**WHAT YOU ARE ASKED TO DO:**
Everything from the line containing "ИГ второй раз" through the line containing "Трусы (3 шт.)" should be repeated exactly, and nothing else from the data.

BEGIN

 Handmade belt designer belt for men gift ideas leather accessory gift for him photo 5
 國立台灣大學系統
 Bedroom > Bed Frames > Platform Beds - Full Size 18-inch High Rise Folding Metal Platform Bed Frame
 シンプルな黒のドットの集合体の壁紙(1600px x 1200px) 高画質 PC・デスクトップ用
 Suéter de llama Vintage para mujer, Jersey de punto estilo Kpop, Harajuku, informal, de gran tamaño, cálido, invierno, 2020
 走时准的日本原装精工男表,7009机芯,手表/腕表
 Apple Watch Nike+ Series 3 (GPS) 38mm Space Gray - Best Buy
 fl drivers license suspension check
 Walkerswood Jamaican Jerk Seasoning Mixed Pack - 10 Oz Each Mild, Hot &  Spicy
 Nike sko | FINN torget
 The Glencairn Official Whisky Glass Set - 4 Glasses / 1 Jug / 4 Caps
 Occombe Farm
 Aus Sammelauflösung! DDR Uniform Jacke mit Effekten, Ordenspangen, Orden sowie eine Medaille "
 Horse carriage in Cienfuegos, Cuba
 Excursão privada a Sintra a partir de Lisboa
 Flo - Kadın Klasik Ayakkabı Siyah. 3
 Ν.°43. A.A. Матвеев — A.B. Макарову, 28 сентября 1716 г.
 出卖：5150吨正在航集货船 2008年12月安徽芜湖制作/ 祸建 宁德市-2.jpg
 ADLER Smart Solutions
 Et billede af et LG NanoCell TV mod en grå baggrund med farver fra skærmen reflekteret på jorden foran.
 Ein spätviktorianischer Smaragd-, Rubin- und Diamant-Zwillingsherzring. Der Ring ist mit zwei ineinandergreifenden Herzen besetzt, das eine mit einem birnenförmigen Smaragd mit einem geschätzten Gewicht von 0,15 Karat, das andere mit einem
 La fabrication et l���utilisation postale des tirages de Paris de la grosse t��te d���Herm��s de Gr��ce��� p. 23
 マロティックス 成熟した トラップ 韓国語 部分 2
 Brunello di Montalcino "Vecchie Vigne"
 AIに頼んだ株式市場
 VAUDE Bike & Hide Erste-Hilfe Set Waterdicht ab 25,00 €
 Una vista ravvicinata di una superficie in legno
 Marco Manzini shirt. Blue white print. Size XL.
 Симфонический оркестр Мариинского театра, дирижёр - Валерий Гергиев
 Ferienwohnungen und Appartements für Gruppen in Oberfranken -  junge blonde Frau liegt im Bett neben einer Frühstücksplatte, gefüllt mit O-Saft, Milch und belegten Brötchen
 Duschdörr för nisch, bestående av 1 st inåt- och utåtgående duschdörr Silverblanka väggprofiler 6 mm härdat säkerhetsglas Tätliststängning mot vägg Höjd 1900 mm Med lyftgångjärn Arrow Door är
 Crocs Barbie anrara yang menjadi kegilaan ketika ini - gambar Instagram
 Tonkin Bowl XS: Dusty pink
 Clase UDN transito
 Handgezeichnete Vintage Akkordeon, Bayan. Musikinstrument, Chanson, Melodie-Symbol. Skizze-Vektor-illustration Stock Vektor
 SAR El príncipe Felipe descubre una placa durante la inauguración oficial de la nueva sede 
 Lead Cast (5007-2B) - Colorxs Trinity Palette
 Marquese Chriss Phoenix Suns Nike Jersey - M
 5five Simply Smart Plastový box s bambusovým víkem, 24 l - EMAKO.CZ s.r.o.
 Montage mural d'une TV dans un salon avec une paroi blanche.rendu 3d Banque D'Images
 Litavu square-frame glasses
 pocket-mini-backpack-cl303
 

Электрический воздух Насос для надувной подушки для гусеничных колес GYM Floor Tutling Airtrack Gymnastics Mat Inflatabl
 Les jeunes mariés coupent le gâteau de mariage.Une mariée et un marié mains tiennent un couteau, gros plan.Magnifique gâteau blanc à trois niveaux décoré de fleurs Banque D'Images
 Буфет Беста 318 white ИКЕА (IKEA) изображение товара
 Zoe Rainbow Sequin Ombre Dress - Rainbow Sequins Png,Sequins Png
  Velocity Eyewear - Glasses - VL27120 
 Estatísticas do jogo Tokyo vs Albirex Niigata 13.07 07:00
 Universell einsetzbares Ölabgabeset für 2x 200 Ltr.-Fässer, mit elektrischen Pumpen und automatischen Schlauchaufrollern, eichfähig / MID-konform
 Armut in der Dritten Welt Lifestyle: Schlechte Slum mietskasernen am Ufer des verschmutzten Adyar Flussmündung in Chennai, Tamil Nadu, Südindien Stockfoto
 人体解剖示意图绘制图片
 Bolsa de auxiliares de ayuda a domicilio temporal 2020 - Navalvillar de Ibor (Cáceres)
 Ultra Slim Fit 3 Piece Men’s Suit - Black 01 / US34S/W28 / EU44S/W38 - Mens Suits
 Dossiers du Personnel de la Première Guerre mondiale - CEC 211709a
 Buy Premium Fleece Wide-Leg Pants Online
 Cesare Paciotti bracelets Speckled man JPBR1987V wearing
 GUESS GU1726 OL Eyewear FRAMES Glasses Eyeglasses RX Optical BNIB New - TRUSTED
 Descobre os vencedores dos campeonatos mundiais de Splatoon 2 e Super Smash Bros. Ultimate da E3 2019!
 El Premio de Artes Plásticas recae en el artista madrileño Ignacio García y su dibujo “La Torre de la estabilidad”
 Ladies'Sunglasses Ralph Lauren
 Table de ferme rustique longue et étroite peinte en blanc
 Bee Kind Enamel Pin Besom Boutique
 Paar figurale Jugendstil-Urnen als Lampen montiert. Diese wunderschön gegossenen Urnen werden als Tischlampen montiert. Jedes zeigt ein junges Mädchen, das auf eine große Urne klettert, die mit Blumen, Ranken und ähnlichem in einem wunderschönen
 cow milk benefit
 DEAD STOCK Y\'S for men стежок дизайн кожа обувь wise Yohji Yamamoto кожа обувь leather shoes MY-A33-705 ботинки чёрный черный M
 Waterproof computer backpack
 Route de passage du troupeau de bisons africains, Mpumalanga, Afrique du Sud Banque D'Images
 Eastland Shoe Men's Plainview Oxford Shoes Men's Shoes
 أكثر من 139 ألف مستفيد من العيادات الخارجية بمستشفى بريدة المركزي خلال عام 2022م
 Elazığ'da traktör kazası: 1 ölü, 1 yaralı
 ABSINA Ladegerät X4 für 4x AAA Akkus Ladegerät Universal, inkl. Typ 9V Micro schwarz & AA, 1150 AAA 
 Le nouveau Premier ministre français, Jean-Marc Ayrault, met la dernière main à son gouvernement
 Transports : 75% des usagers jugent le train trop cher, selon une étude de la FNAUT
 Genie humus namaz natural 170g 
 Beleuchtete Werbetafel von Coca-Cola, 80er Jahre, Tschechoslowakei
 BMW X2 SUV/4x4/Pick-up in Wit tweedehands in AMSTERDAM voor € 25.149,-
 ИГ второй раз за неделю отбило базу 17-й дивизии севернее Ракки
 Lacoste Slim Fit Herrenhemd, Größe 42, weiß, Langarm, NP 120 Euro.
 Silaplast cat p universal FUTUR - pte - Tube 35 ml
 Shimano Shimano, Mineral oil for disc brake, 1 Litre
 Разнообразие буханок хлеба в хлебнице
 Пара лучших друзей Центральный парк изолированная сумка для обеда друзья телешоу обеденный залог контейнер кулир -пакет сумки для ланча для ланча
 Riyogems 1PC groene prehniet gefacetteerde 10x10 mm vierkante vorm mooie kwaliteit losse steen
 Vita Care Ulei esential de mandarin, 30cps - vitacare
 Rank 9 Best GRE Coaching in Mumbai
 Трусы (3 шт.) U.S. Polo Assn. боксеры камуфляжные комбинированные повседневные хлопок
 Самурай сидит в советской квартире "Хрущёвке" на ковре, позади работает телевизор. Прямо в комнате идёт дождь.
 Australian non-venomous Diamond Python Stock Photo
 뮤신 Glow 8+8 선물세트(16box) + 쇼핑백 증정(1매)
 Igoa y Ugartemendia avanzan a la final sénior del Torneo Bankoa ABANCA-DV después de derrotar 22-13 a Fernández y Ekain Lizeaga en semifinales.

END

**TASK SOLUTION:**
 ИГ второй раз за неделю отбило базу 17-й дивизии севернее Ракки
 Lacoste Slim Fit Herrenhemd, Größe 42, weiß, Langarm, NP 120 Euro.
 Silaplast cat p universal FUTUR - pte - Tube 35 ml
 Shimano Shimano, Mineral oil for disc brake, 1 Litre
 Разнообразие буханок хлеба в хлебнице
 Пара лучших друзей Центральный парк изолированная сумка для обеда друзья телешоу обеденный залог контейнер кулир -пакет сумки для ланча для ланча
 Riyogems 1PC groene prehniet gefacetteerde 10x10 mm vierkante vorm mooie kwaliteit losse steen
 Vita Care Ulei esential de mandarin, 30cps - vitacare
 Rank 9 Best GRE Coaching in Mumbai
 Трусы (3 шт.) U.S. Polo Assn. боксеры камуфляжные комбинированные повседневные хлопок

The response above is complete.